Мужчины продолжали разговаривать, а г-жа Амбра ласково смотрела на задумавшуюся Монику. Она была счастлива, видя, что Моника успокаивается. Бедная девочка! Она сама накликала это горе. А счастье ждало ее, быть может, рядом… Здесь…

Разве они с Бланшэ не созданы друг для друга? Влюбиться в Буассело!.. Г-жа Амбра не знала человека более антипатичного.

Подсев к Монике, она взяла ее за руки и сказала:

- У вас прекрасный вид, деточка. Я так довольна, что вам у нас хорошо…

- Я отдыхаю, - сказала Моника, глядя через головы Бланшэ и Амбра на бледно-бирюзовое небо, на золотое осеннее солнце.

- Правда, - воскликнул Бланшэ. - А что, если пройтись по саду? Рири нас зовет.

- Наденьте пальто, - сказала г-жа Амбра.

Бланшэ открыл стеклянную дверь. Приятная свежесть наполнила комнату.

Они спустились по ступенькам и пошли по хрустящему гравию.

- Подождите, Моника, я возьму шаль, - попросила г-жа Амбра.

Моника поднялась по ступенькам.
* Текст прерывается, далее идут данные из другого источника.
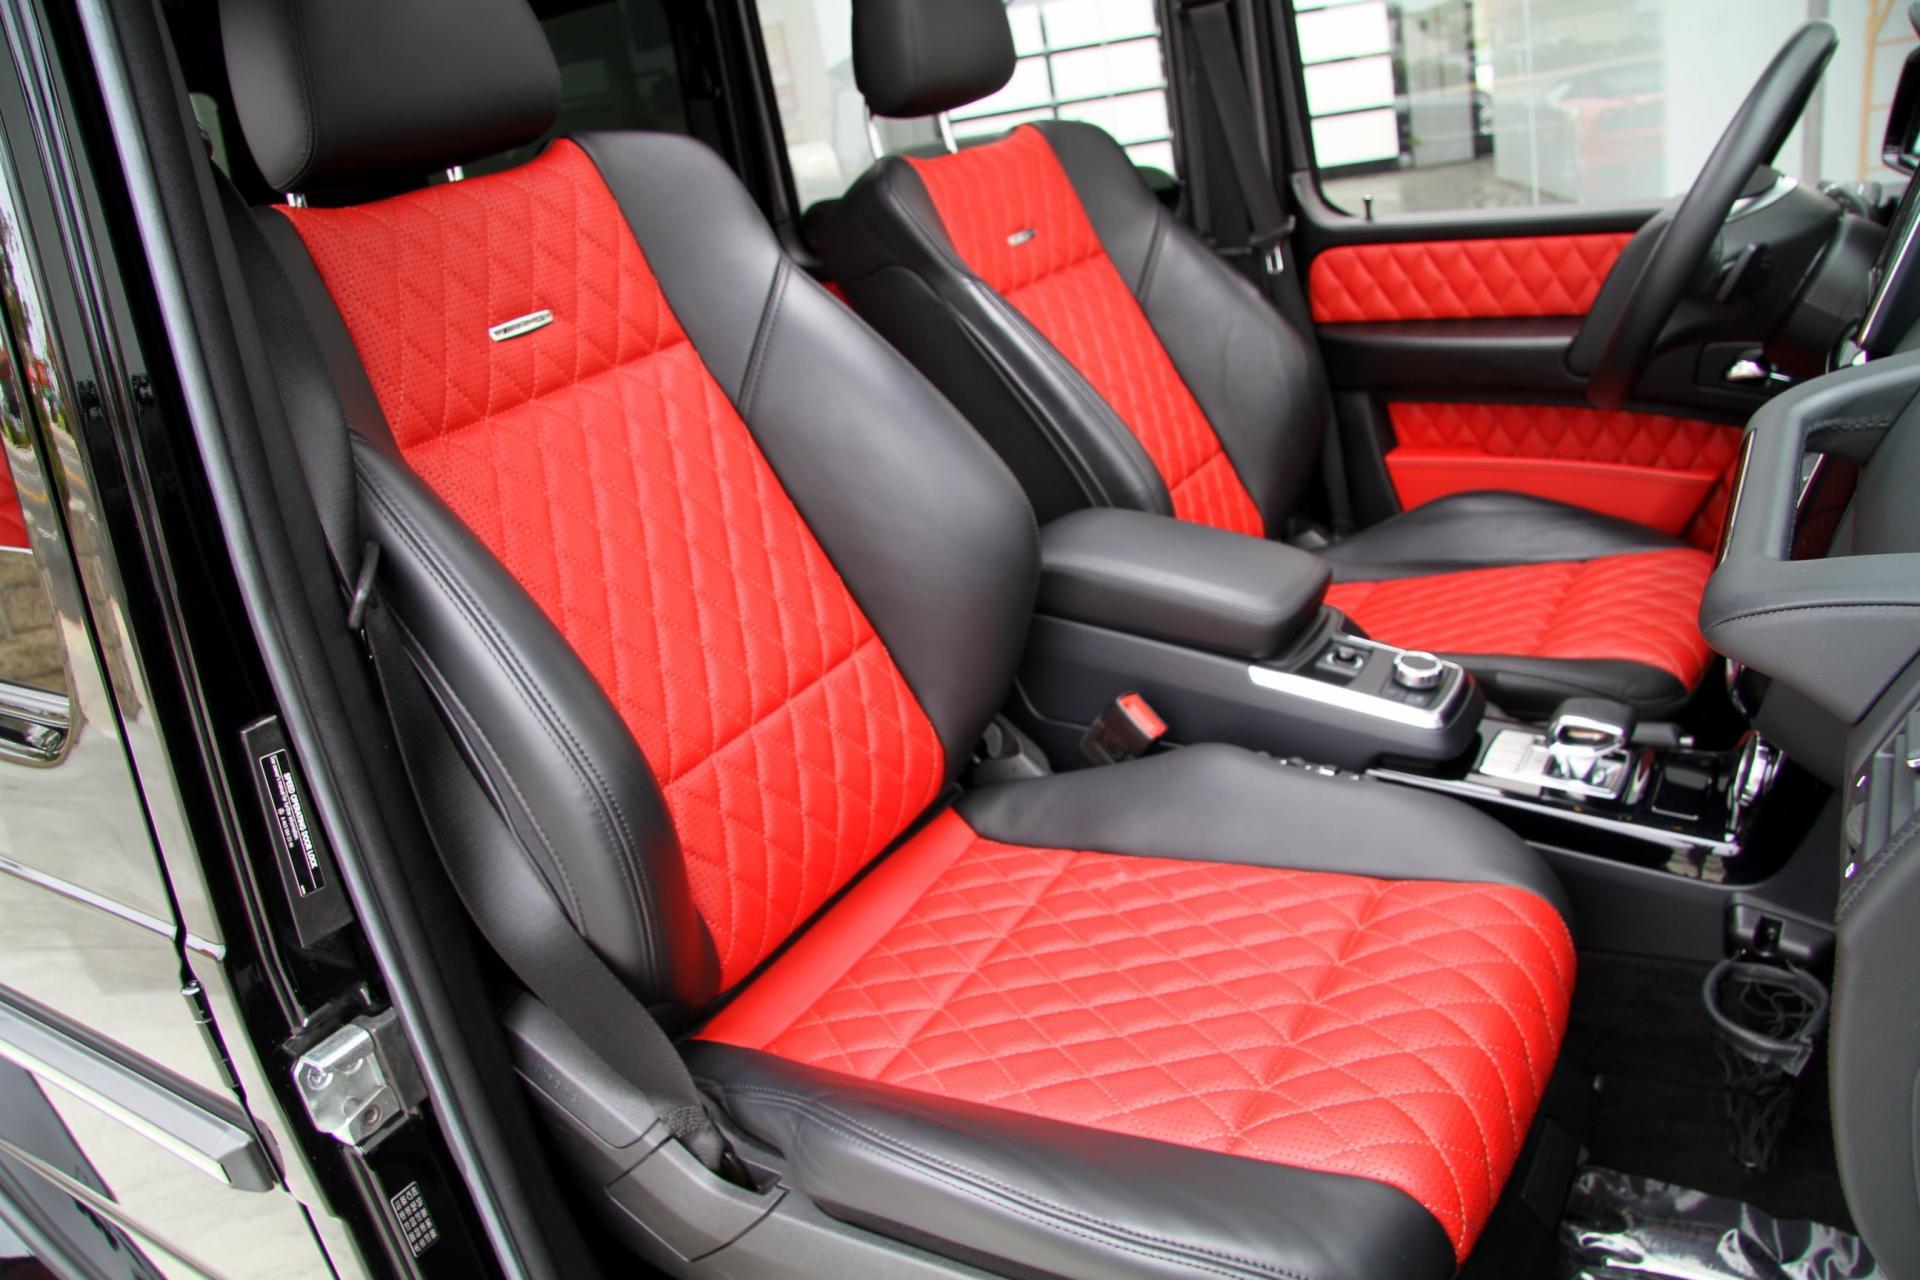 2015 Mercedes Benz G63 Amg 4matic Diamond Stitched Seats

Бланшэ, элегантный и живой, жестикулируя рядом с согнувшимся Амбра, провожал ее нежным взглядом… Неожиданно, каким-то неясным внутренним чувством Моника ощутила чье-то постороннее присутствие и быстро обернулась. Стеклянная дверь, ведущая на полянку, отворилась. Крик замер на губах Моники. Режи стоял перед нею, в шляпе, засунув правую руку в карман. Похудевший, он свирепо смотрел на нее ввалившимися глазами. Ошеломленная Моника пробормотала:

- Как… вы… сюда… попали?..

- Я следил в окно с того момента, когда встали из-за стола… Я пришел за вами. Идем!

- Вы с ума сошли!

Он угрожающе шагнул вперед, протягивая свободную руку:

- Идем!

В его взгляде она прочла смерть и пронзительно вскрикнула:

- Ах!..

Режи овладел собой.

- Так не хотите? - прошипел он. - Хорошо…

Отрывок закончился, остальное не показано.